Music and words. Hard not to make one subservient to the other. Exit Strategies, the May 2 event organized jointly by PEN World Voices and the Met Museum, avoided the issue by and large by having music and words work separately, and so the chief interest of the evening for me lay in their dissonance. GH was less amused.

The music was provided by the Kronos Quartet with a long history of in-depth collaboration with composers like Terry Riley, Philip Glass and Steve Reich, and with musicians like Chinese pipa virtuoso Wu Man, Bollywoord "playback singer" Asha Bhosle, Inuit throat singer Tanya Tagaq, Mexican rockers Cafe Tacuba and Azeri vocalist Alim Qasimov. During the event, the quartet played imperturbably a wide range of music from around the world. The same could not be said of the writers who clearly felt that their words were intruding on the music.

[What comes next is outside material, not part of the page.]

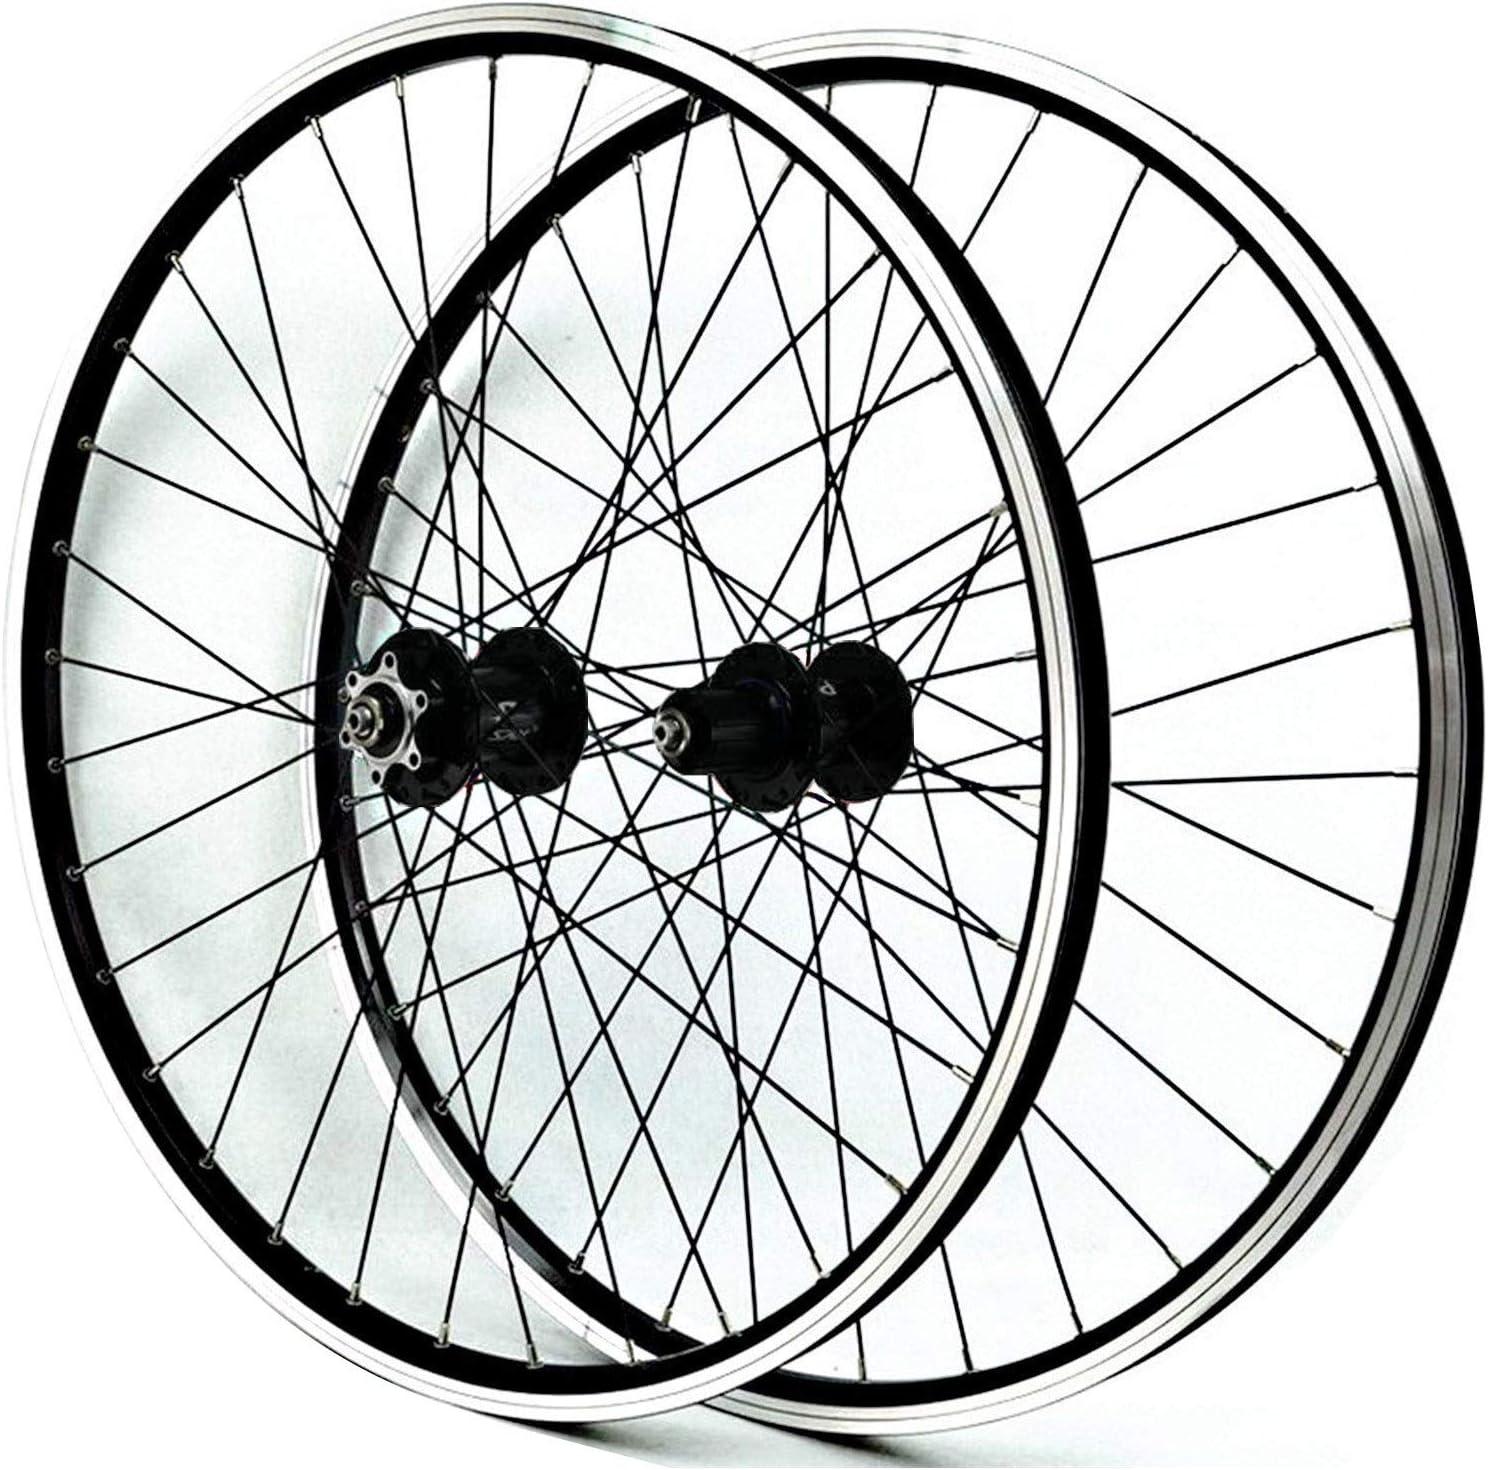 ZNND Juego Ruedas Bicicleta Montaña 26 Pulgadas Pared Doble Aluminio Freno De Disco/V Ruedas BTT Bici Frente 2 Trasero 4 Palin 32 Hoyos 7-11 Velocidades

Rula Jebreal, a French-Israeli journalist, asked her American audience a series of questions about the state of political debate in the country, before reading a harrowing account of violence in Iraq. Marjane Satrapi, the author and illustrator of Persepolis, extemporized on life under the Iranian theocracy. Her description of life without music was given added poignancy by the quartet's performance. Tony Kushner read a poetic description of the loss of a loved one to death. He read well, riding on the peaks and troughs of the music.

The evening would have been unexceptional if it had ended at this point, but it didn't. The quartet continued to play. They played music already spliced with words, one piece counting down to the dropping of the nuclear bomb on Hiroshima. Both Satrapi and Kushner were nonplussed by the invitation to improvise words to the solemn music and weighty themes. Not so Jebreal. She kept asking questions of the other two to press them for their opinions of the current American scene. In doing this, she was behaving like the tough interviewer that won her fame. Satrapi and Kushner evaded her every attempt to engage them in politics. Satrapi fell back on the "mystery" of the music that rendered words inapt and insubstantial. Kushner obviously felt the same, but also tried, quite unsuccessfully, to steer the conversation to less inflammatory topics. His questions, however, drifted into disquisitions instead, and so when they ran out of steam, Jebreal would persist with yet another question.

Finally the writers tiptoed off, giving over the stage to the musicians. They returned only at the end, to take their bows with the Quartet sheepishly. I was thrilled to see how the unscripted part of the evening turned out, even though language lost the game to music.